Does the description disclose side effects, auth requirements, rate limits, or destructive behavior?

Annotations already declare readOnlyHint=true, idempotentHint=true, and destructiveHint=false, covering safety and idempotency. The description adds valuable context beyond this: it specifies cost (1 credit/page), performance impact (2-5 sec vs. 15-30 sec), and that it's 'lower cost than AI extraction,' which helps the agent make informed decisions without contradicting annotations.

Agents need to know what a tool does to the world before calling it. Descriptions should go beyond structured annotations to explain consequences.

Conciseness4/5

Is the description appropriately sized, front-loaded, and free of redundancy?

The description is well-structured with sections (Args, Returns, Raises, Use Cases, Note) and front-loaded key information. However, it is lengthy with detailed examples and lists; while informative, some redundancy (e.g., repeating cost info) slightly reduces efficiency, though every sentence adds value.

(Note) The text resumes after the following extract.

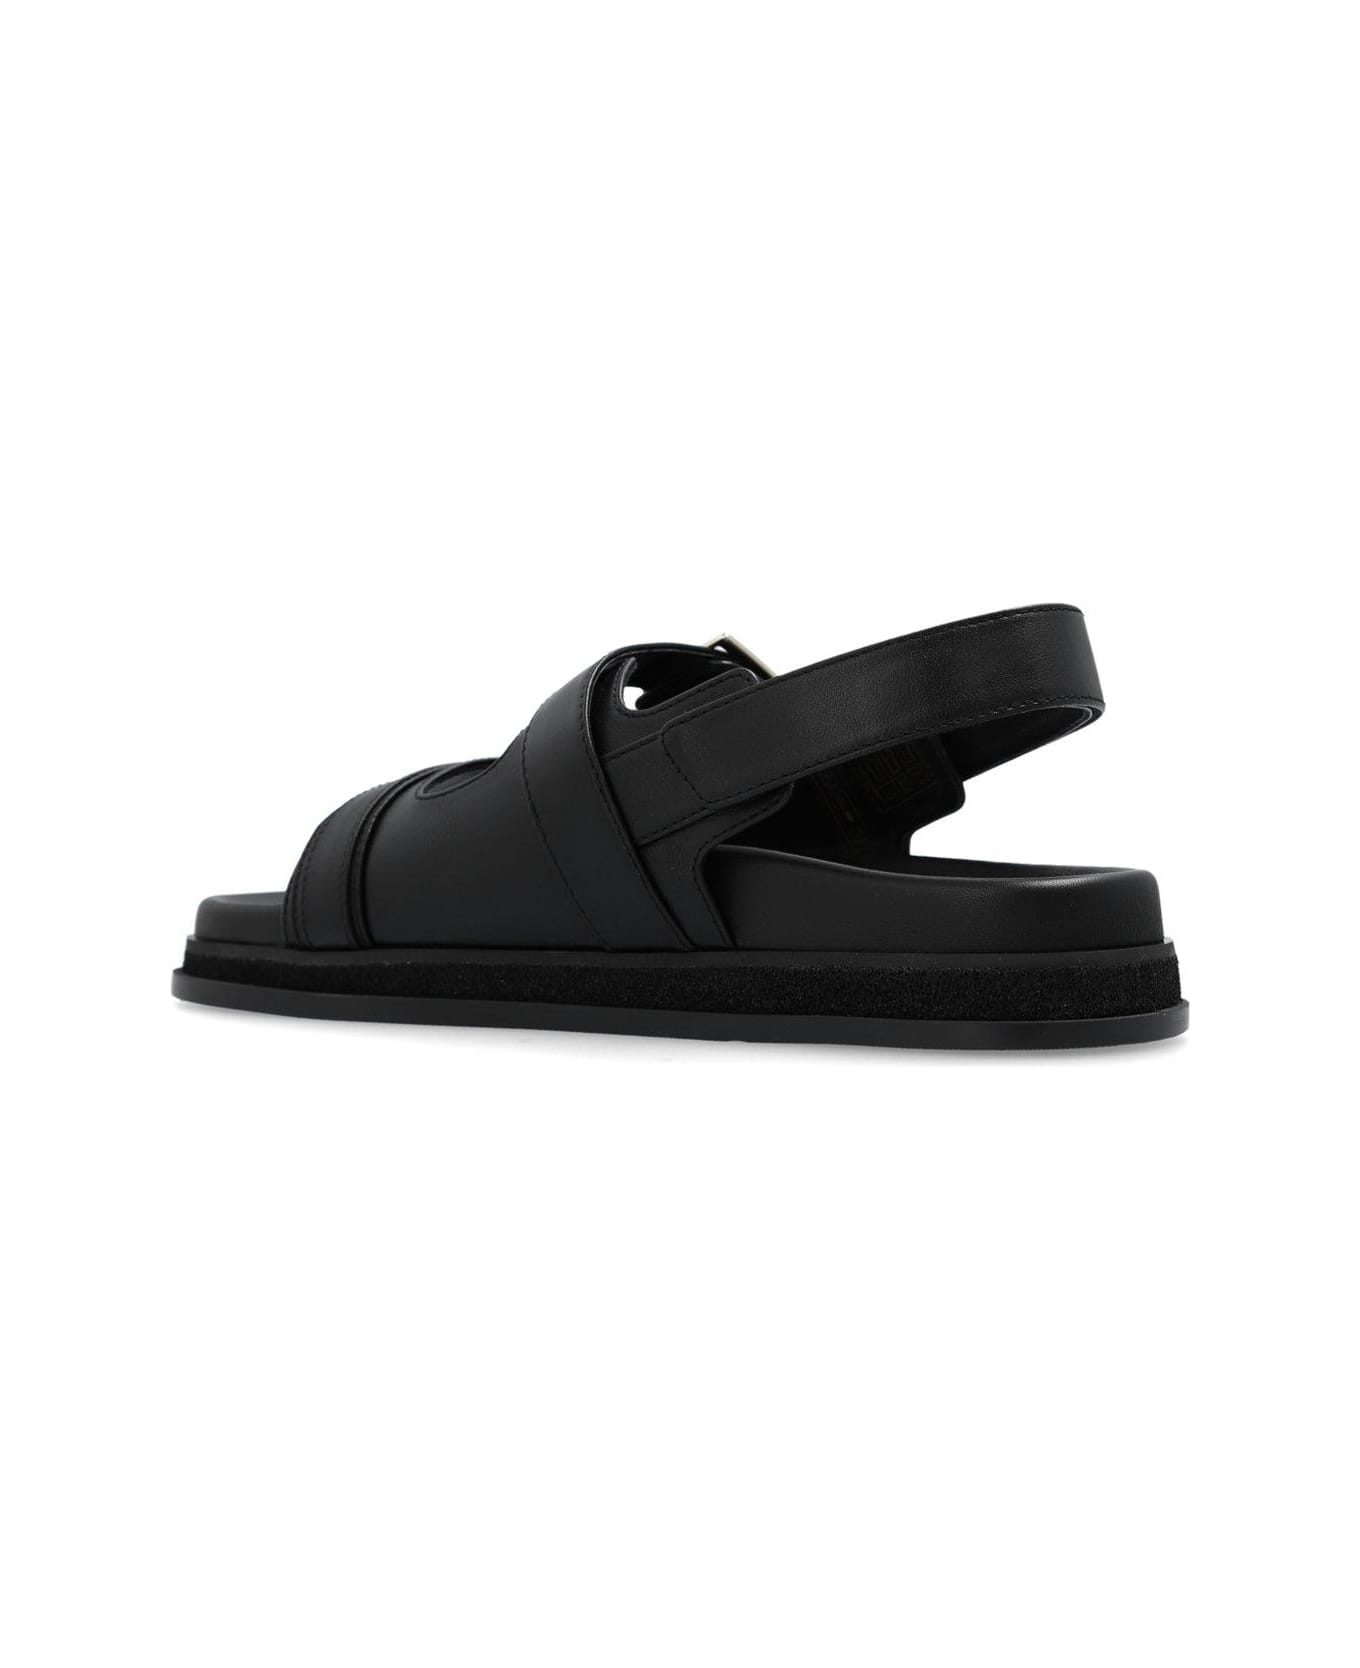 Jimmy Choo Flat Sandals - Black サンダル

Shorter descriptions cost fewer tokens and are easier for agents to parse. Every sentence should earn its place.

Completeness5/5

Given the tool's complexity, does the description cover enough for an agent to succeed on first attempt?

Given the tool's complexity (web scraping with JS rendering), the description is highly complete. It covers purpose, usage, parameters, returns (though output schema exists), error handling, and sibling differentiation. With annotations and output schema provided, the description adds comprehensive context without gaps, making it fully adequate for agent use.

Complex tools with many parameters or behaviors need more documentation. Simple tools need less. This dimension scales expectations accordingly.

Parameters5/5

Does the description clarify parameter syntax, constraints, interactions, or defaults beyond what the schema provides?

With 0% schema description coverage, the description fully compensates by detailing both parameters. For website_url, it explains requirements (protocol inclusion), examples, supported/unsupported protocols, and behavior. For render_heavy_js, it provides default values, usage scenarios, performance impacts, and cost implications, adding significant meaning beyond the bare schema.

Input schemas describe structure but not intent. Descriptions should explain non-obvious parameter relationships and valid value ranges.

Purpose5/5

Does the description clearly state what the tool does and how it differs from similar tools?

The description clearly states the tool's purpose: 'Fetch raw page content from any URL with optional JavaScript rendering' and 'performs basic web scraping to retrieve the raw HTML content of a webpage.' It distinguishes from siblings by mentioning alternatives like smartscraper for structured data extraction and markdownify for clean content, making the scope specific.

Agents choose between tools based on descriptions. A clear purpose with a specific verb and resource helps agents select the right tool.

Usage Guidelines5/5

Does the description explain when to use this tool, when not to, or what alternatives exist?

The description provides explicit guidance on when to use this tool vs. alternatives: 'Use smartscraper for structured data extraction' and 'Use markdownify for clean, readable content.' It also details when to enable JavaScript rendering for SPAs vs. static sites, offering clear context and exclusions.

Agents often have multiple tools that could apply. Explicit usage guidance like "use X instead of Y when Z" prevents misuse.